• _Entries shown_:
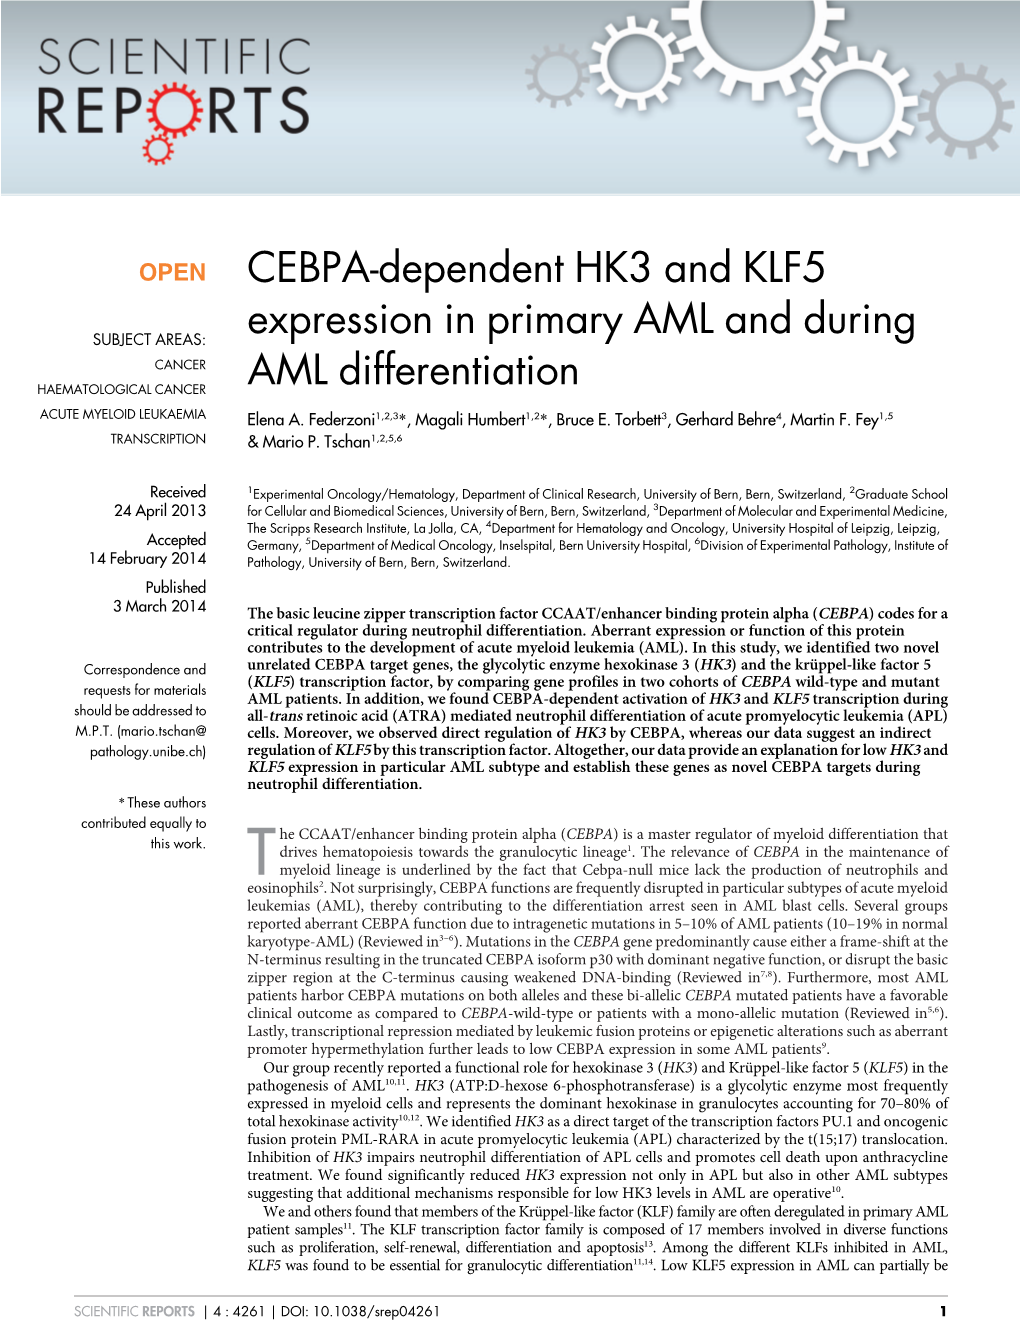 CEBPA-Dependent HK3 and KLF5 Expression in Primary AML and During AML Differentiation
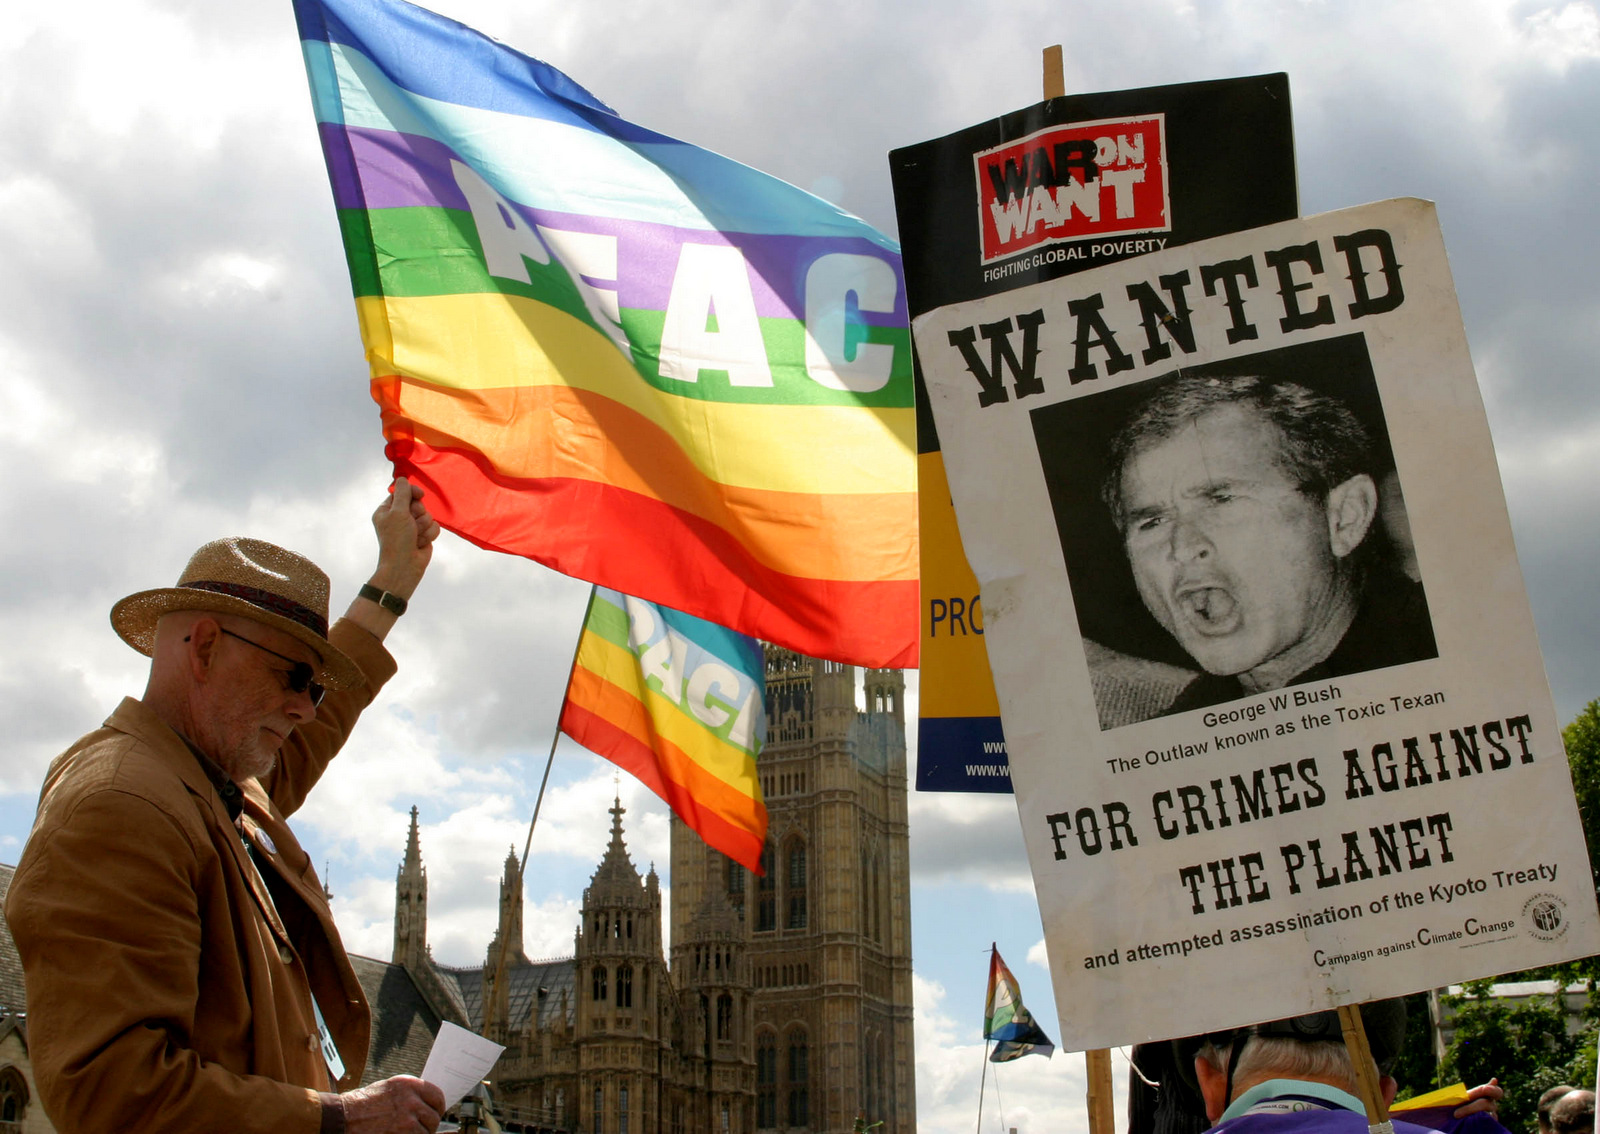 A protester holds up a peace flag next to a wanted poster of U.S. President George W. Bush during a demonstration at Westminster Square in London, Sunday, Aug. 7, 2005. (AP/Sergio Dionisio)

---

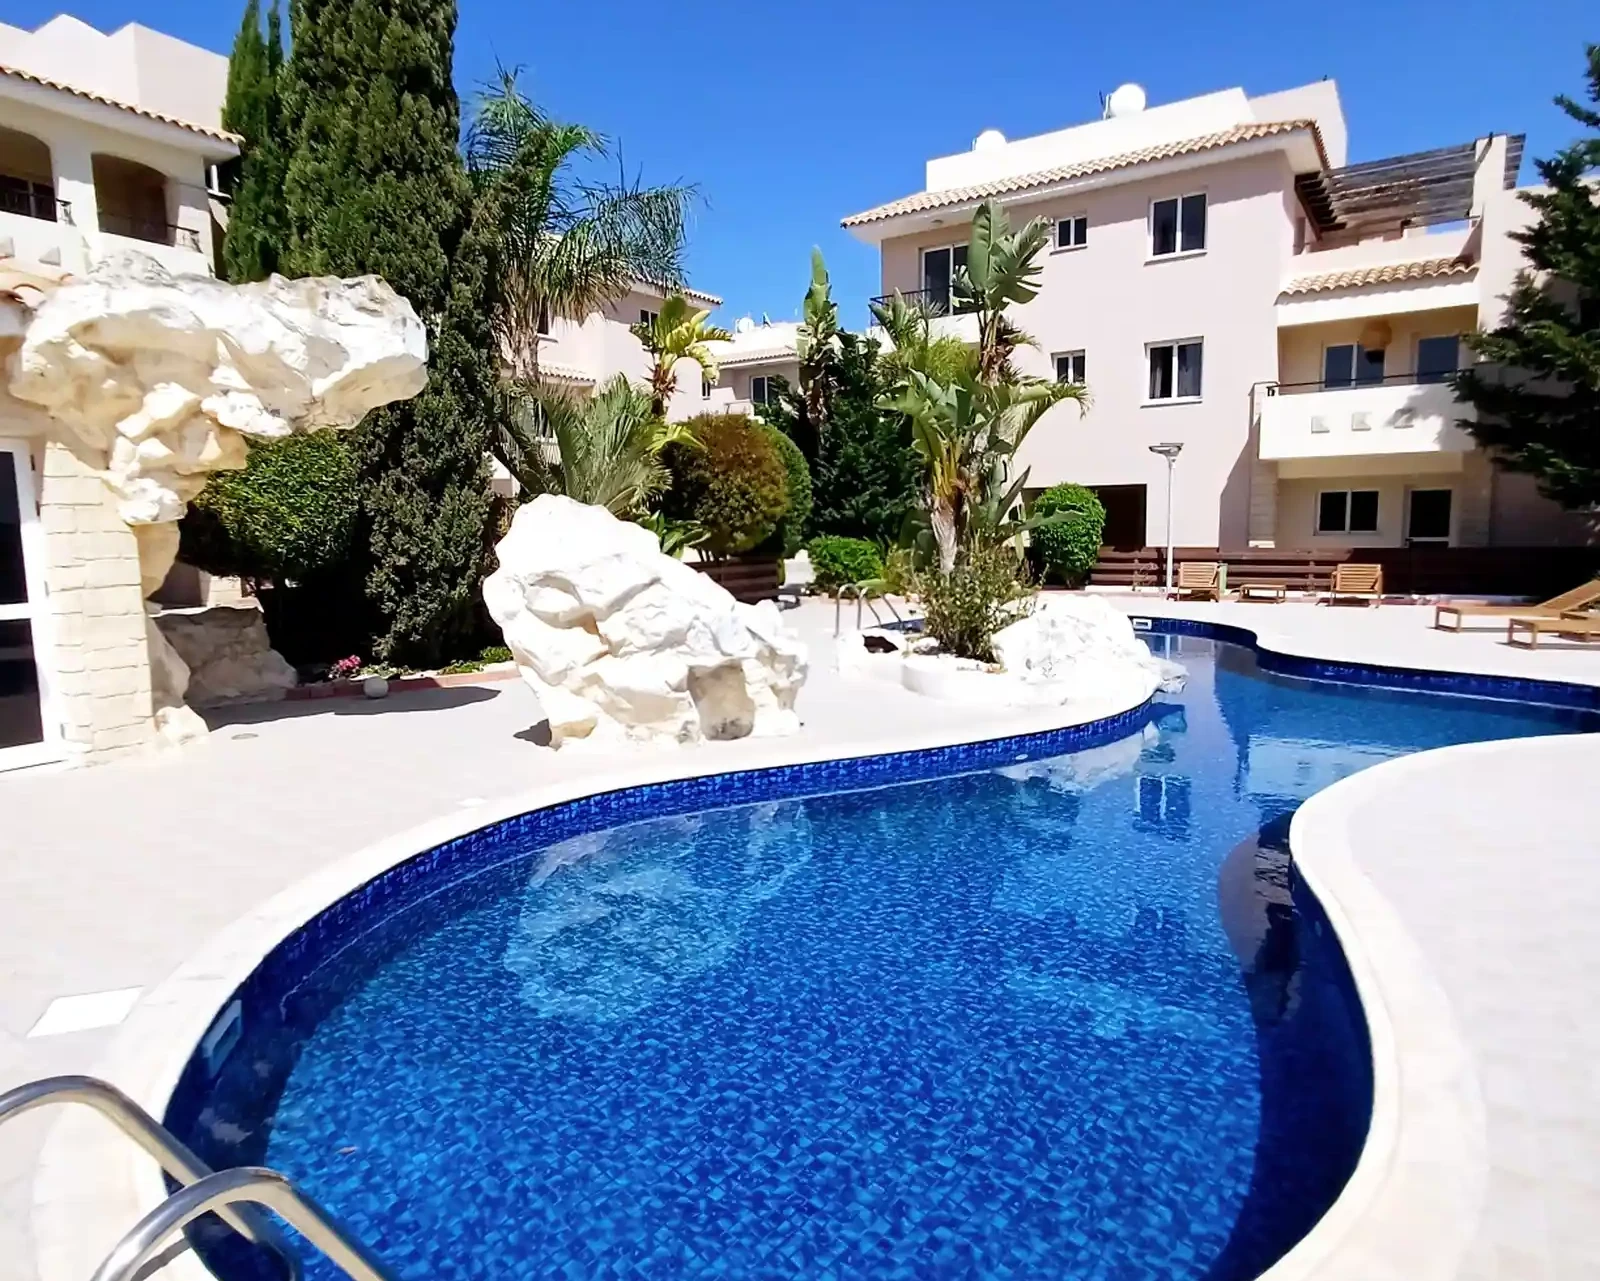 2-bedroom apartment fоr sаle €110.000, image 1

• _Your objective_:
From the entries above, copy exactly the lines starting at the one with "CEBPA-Dependent HK3 and" and stopping at the one with "A protester holds", keeping both ends. Drop the pictures.

• _Solution to the problem_:
 CEBPA-Dependent HK3 and KLF5 Expression in Primary AML and During AML Differentiation
 A protester holds up a peace flag next to a wanted poster of U.S. President George W. Bush during a demonstration at Westminster Square in London, Sunday, Aug. 7, 2005. (AP/Sergio Dionisio)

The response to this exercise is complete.